Beets can be steamed, boiled or roasted. Stovetop cooking is messy if beets leak all over the stovetop. Use the oven! To roast beets, wrap half a dozen beets of similar size in a double layer of foil, and toss them into a hot oven. They cook more quickly in small packets than on large covered trays. Large beets take an hour at least to roast. Squeeze to test for doneness; they should give under your fingers.
Peel beets after cooking; raw beets bleed profusely if they are peeled or sliced, so cook them clothed. Let them cool a bit, then rub them with a tea towel to slip them out of their skins. Anthocyanin, the colour in purple beets, is water-soluble, but is set by acids. Wash your hands before you get lemon juice on those purple stains, or they endure as long as henna hand painting. Toss purple beets minimally to avoid staining everything. Keep them separate from other components until the last minute, or toss them in separate bowls and serve them side by side.
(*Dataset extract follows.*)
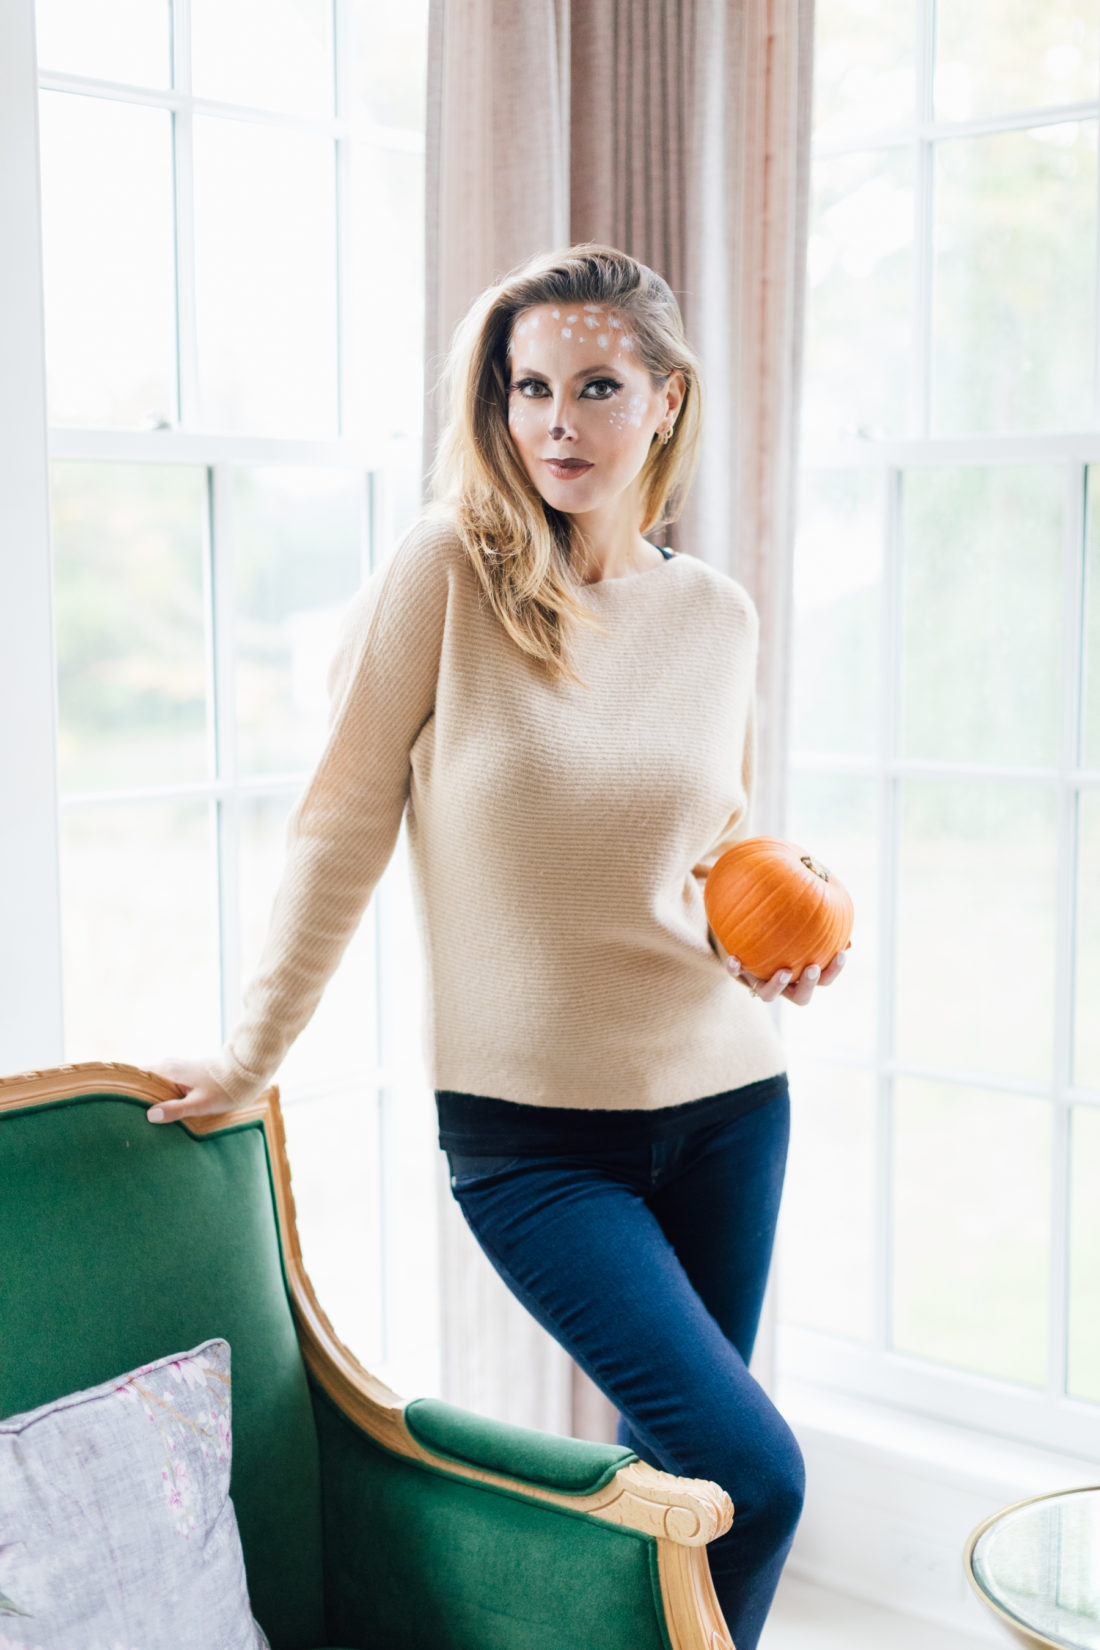 Eva Amurri Martino shares two easy Halloween makeup tutorials

For a stellar winter salad, serve golden beets on red leaf lettuce or radicchio, and red beets on green leaf or with spears of Belgian endive. Then choose a red-skinned apple to slice beside the golden beets, and a green-skinned apple to pair with the red beets. Top with citrus vinaigrette, a bit of chèvre and some toasted nuts.
Cooked beets are great in salads, risotto and pasta, wearing only olive oil and fruit-based vinegar, or dressed up. Many flavours love beets: cabbages, radicchio and endive; nuts and nut oils; all citrus; vanilla; apples; mustard or dill are classic pairings, as is duck, and all cured or smoked pork. Potatoes and beets make red flannel hash; cabbage and onions combine with beets to make borscht, with or without meat. Try sparing amounts of sweet spices such as paprika, nutmeg, ginger, cloves, cinnamon or allspice; add handfuls of herbs such as tarragon, chives, dill, fennel or parsley. Use beets in chocolate cakes, sorbets or ice creams, as a reminder that beets are a source of sugar.